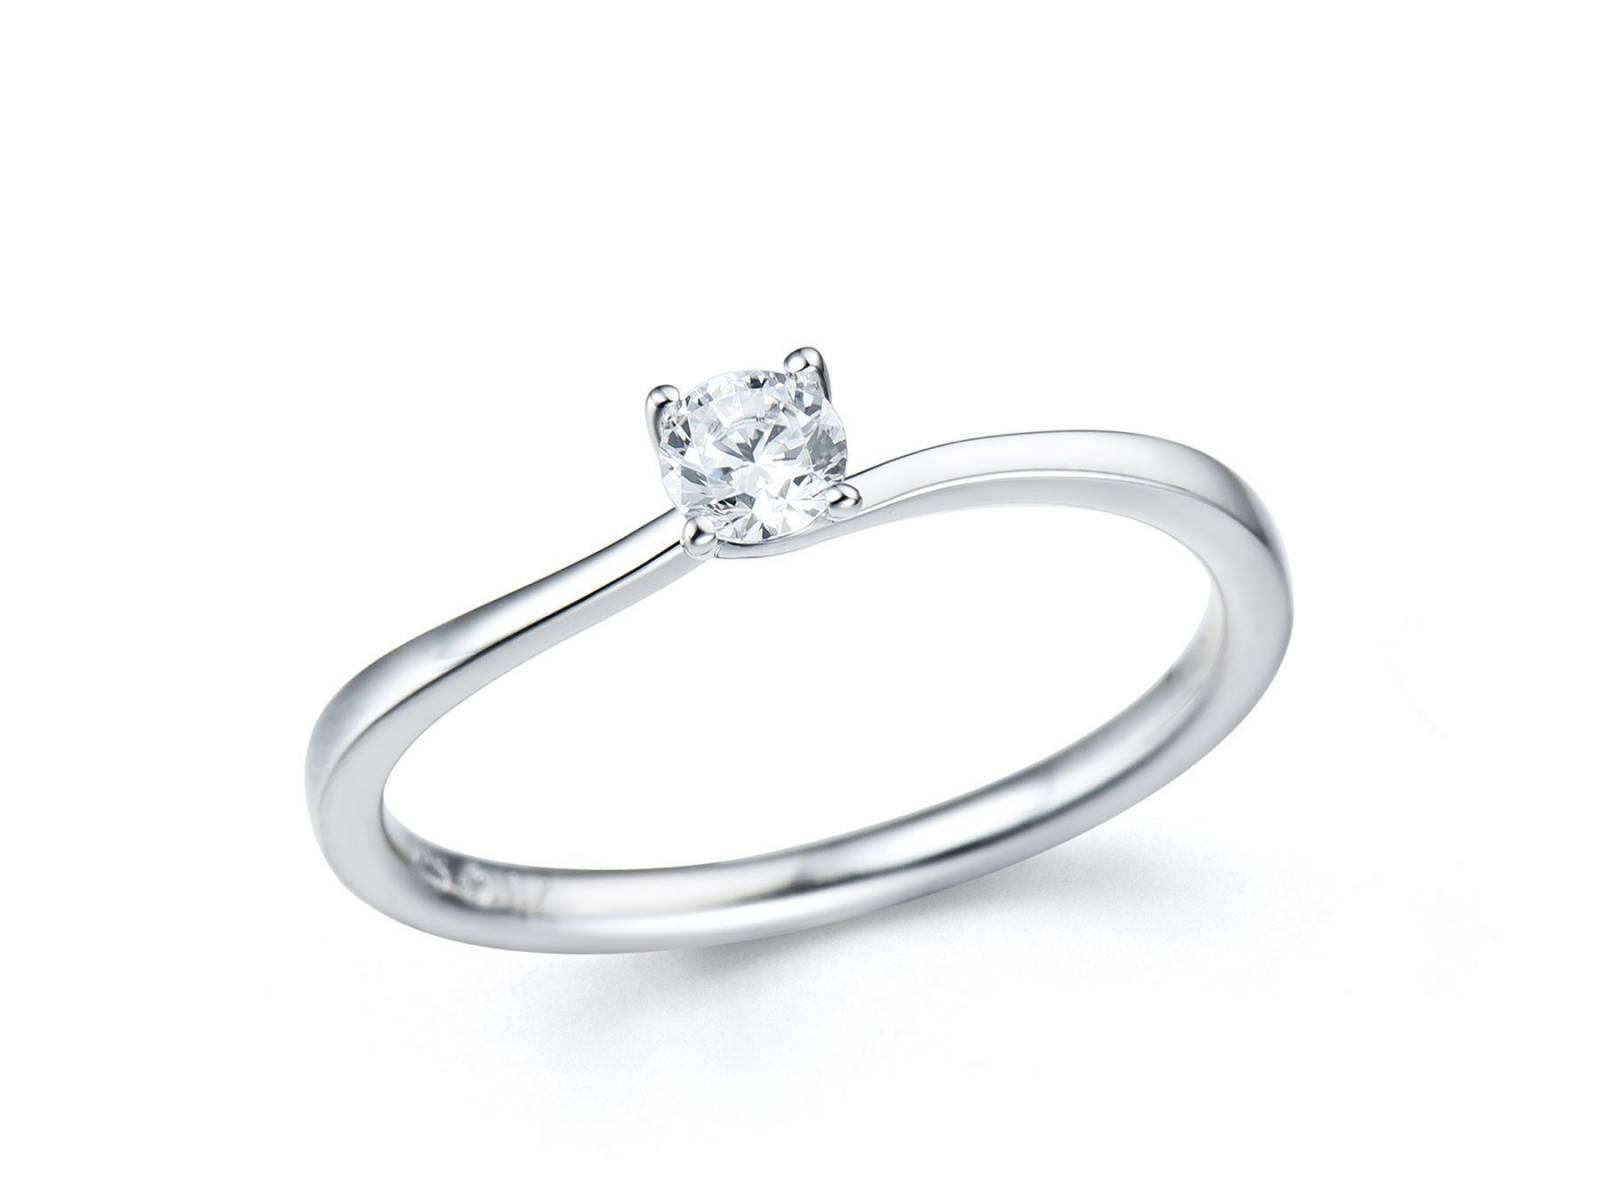 Juwelen Vanquaethem - House of Weddings (9)
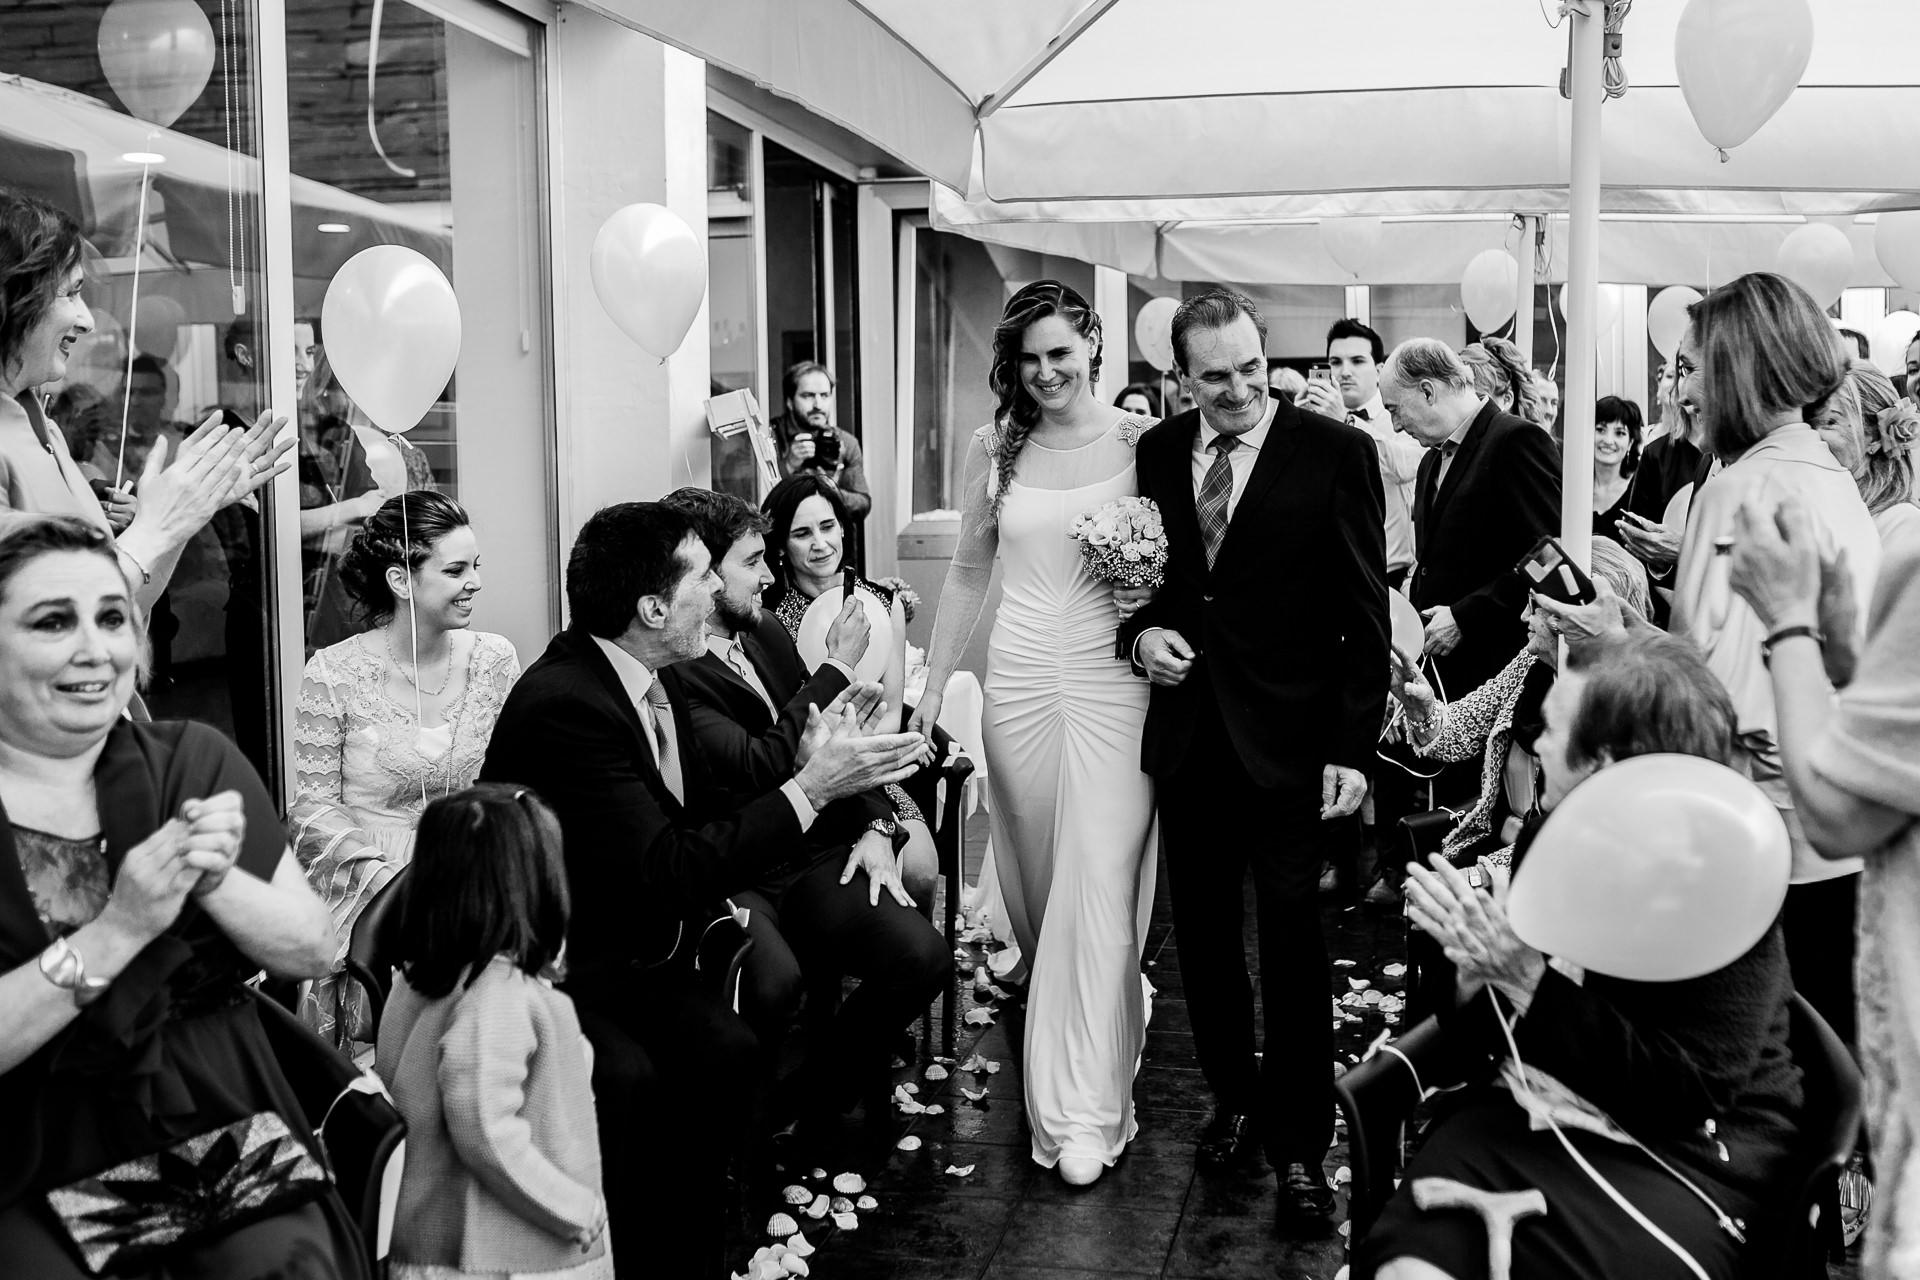 boda civil sagardotegi sidrería arizia zarautz 131314
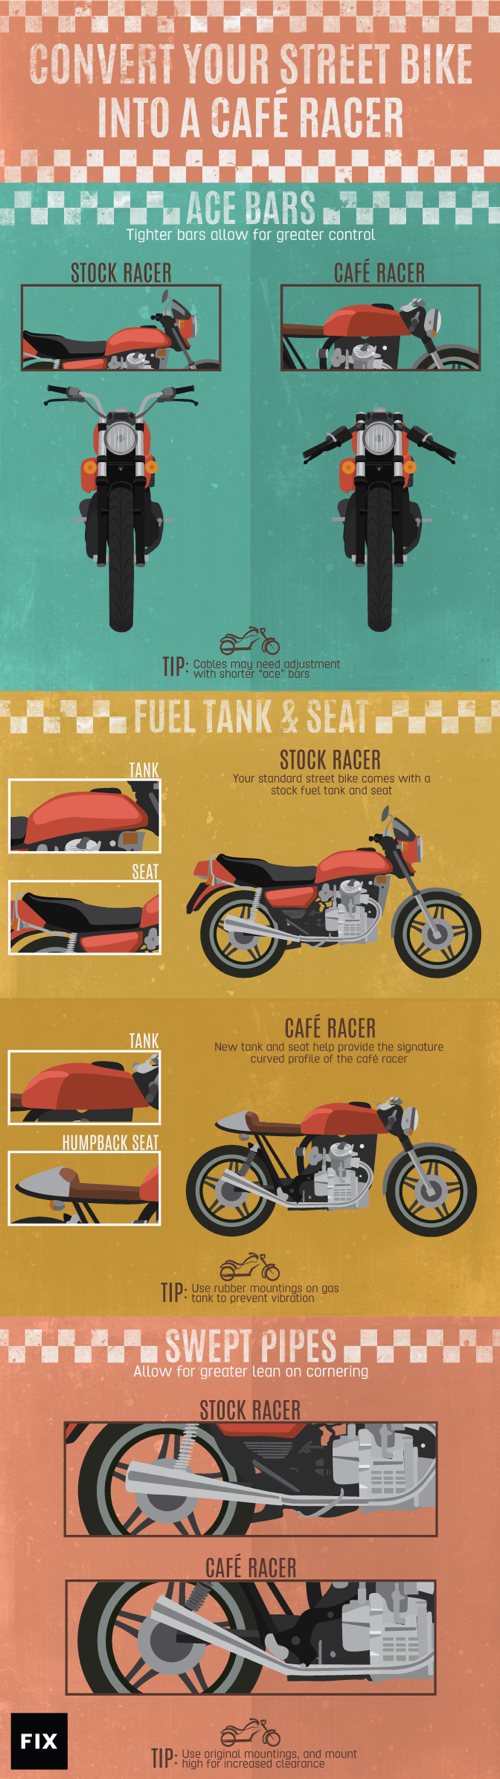 Convert Your Street Bike into a Café Racer infographic
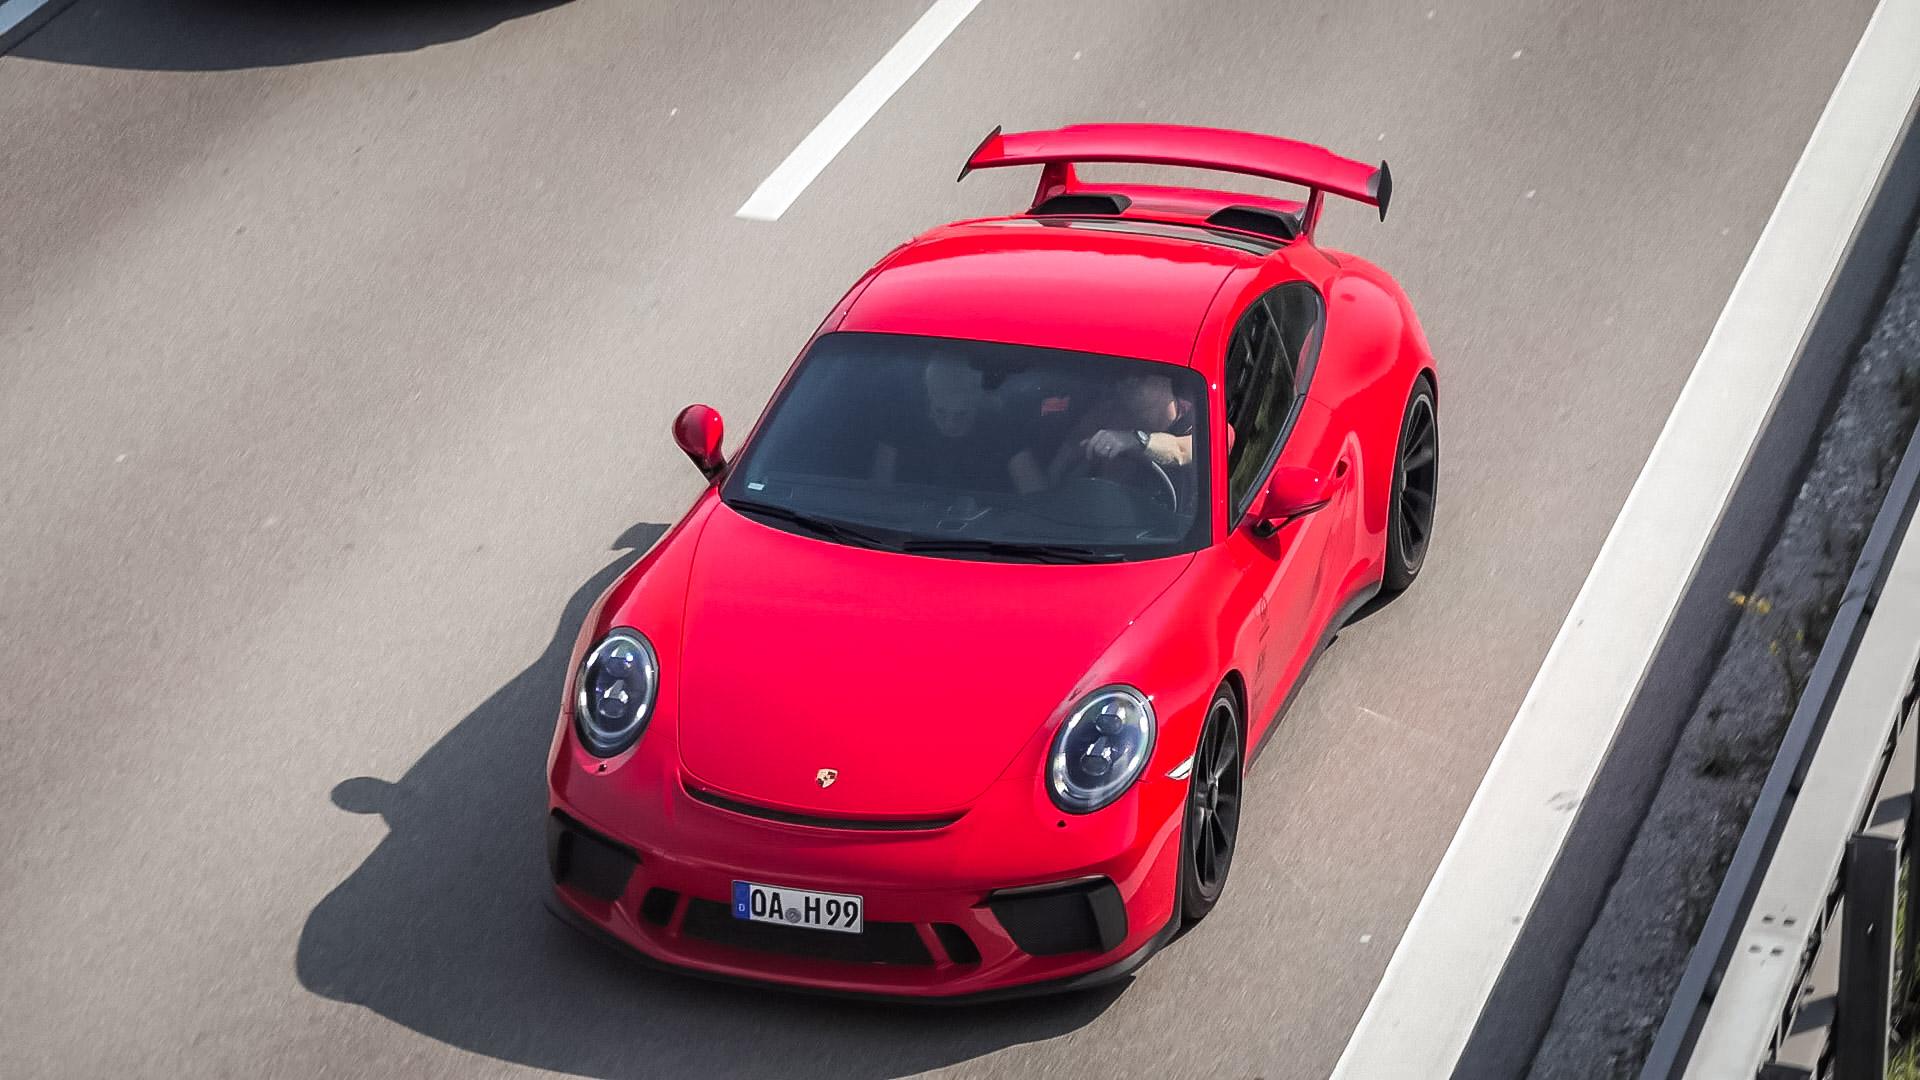 Porsche 991 GT3 - OA-H-99

----

◆ WHAT TO PRODUCE
An exact transcription of the listing is required, and it must contain no pictures.

◆ EXPECTED ANSWER
 Juwelen Vanquaethem - House of Weddings (9)
 boda civil sagardotegi sidrería arizia zarautz 131314
 Convert Your Street Bike into a Café Racer infographic
 Porsche 991 GT3 - OA-H-99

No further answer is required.